# Parsing Algorithms

**Overview of Parsing**
Parsing is the process of analyzing a raw input (typically source code) according to the rules of a formal grammar to uncover its underlying structure . In compilers and interpreters, parsing bridges the gap between human-readable code and machine-friendly representations by transforming text into structured trees for further semantic checks or code generation .

## Why should you care about parsing?

Parsing is a fundamental concept in computer science, especially in the context of programming languages and compilers. Understanding parsing helps you:
* **Design languages**: Knowing how parsing works allows you to create languages such as Domain Specific Languages with clear and unambiguous syntax.
* **Implement compilers**: Parsing is a crucial step in compiling code, and understanding it helps you build efficient and effective compilers.
* **Debug and optimize**: Understanding parsing can help you identify and fix issues in your code, as well as optimize performance.
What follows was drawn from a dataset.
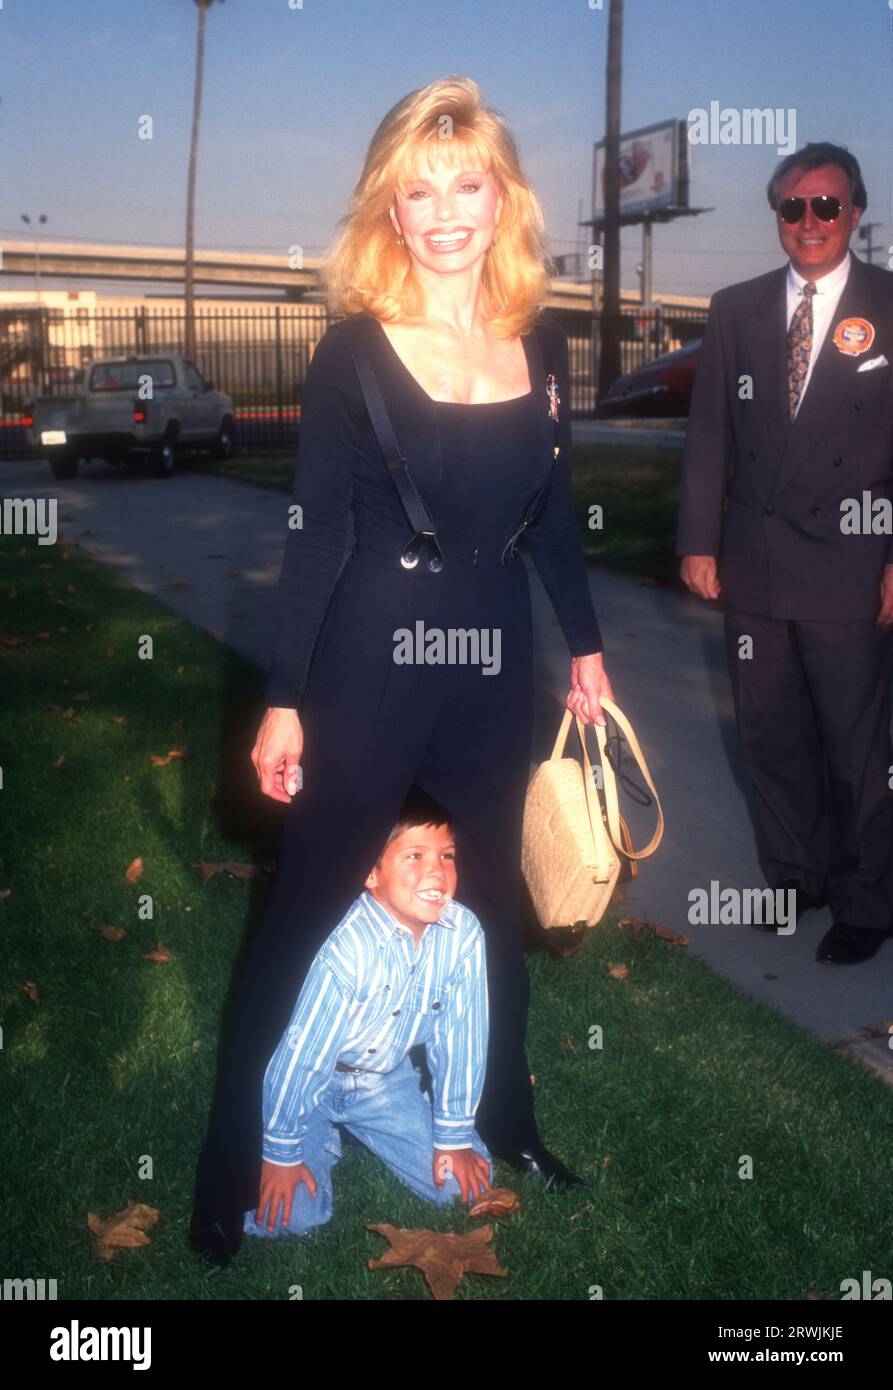 Los Angeles, California, USA 25th July 1996 Actress Loni Anderson and son Quinton Reynolds attend ÒThe Greatest Show On EarthÓ Ringling Brothers and Barnum & Bailey 126th Edition to Benefit the Variety Club ChildrenÕs Charity at the Los Angeles Sports Arena on July 25, 1996 in Los Angeles, California, USA. Photo by Barry King/Alamy Stock Photo Stock Photo
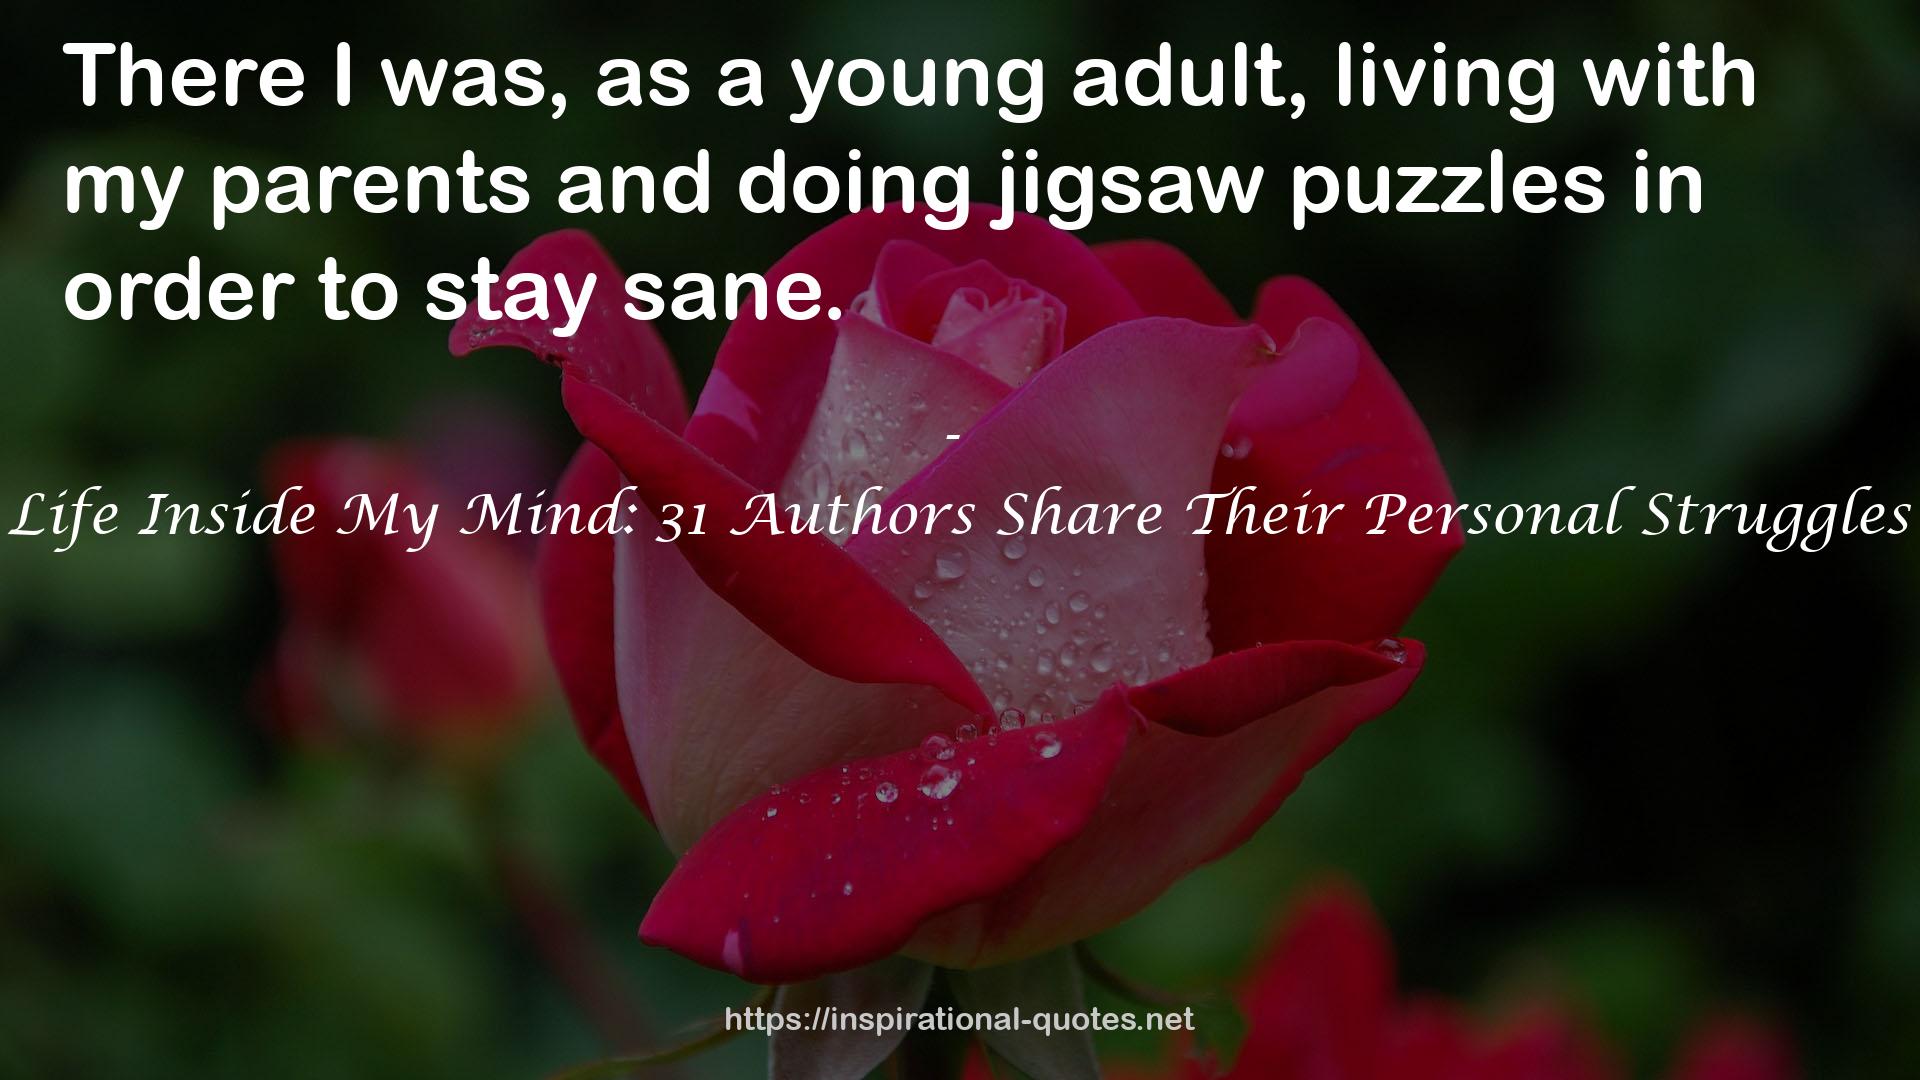 Life Inside My Mind: 31 Authors Share Their Personal Struggles QUOTES

## A simple arithmetic parser and interpreter

First let's start with an informal way to create an interpreter for super simple arithmetic expressions. For now we will only support addition and subtraction of integers. We will not use any formal specification or grammar, but let's try to "wing it" and see how far we can get. We will use Python for this example, but the concepts apply to any programming language.

In [4]:
# so we will start with trying to do parser for expressions such as "1 + 2 + 3" just addition and numbers
# to do so we will simply split the string by spaces and then we will check if the first element is a number or not
text = "1 + 2 + 3"
tokens = text.split(" ")
print(tokens)

['1', '+', '2', '+', '3']


In [9]:
# how would we interpret this expression?
# we simply process the tokens one by one
# we will start with the first token and check if it is a number or not
# if it is a number we will store it in a variable and then we will check the next token
# if it is a number we will add it to the variable
result = 0
for token in tokens:
    if token.isnumeric():
        # if the token is a number we will store it in a variable
        result += int(token)
    else:
        # if the token is not a number we will check if it is a plus sign
        if token == "+":
            # if it is a plus sign we will check the next token
            # and add it to the result
            continue
        else:
            # if it is not a plus sign we will raise an error
            print("Invalid token", token)
            raise ValueError("Invalid token")
print(result)

6


In [15]:
# let's create a function that will do the same thing
def evaluate_add_expression(expression):
    tokens = expression.split(" ")
    result = 0
    for token in tokens:
        if token.isnumeric():
            result += int(token)
        else:
            if token == "+":
                continue
            else:
                print("Invalid token", token)
                raise ValueError("Invalid token")
    return result
# let's test the function
print(evaluate_add_expression("50 + 60 + 70 + 1000"))
# try it with negative numbers, what will happen?
# print(evaluate_expression("50 + 60 + 70 + -1000"))

1180


### Adding support for substraction

To improve our simple evaluator we will add support for substraction. This will involve a bit more of logic, but we will still keep it simple. We will use the same approach as before, but we will add a new function to handle substraction. We will also need to modify the `parse_expression` function to handle the new operator.




---

## **Core Components of a Parser**
A traditional parser comprises two main stages:

1. **Lexical Analysis (Lexer/Scanner)**: Converts the raw character stream into a sequence of tokens, each representing atomic elements like identifiers, keywords, literals, or operators .
2. **Syntactic Analysis (Parser)**: Consumes the token stream to build a parse tree or abstract syntax tree (AST) according to production rules defined in the grammar .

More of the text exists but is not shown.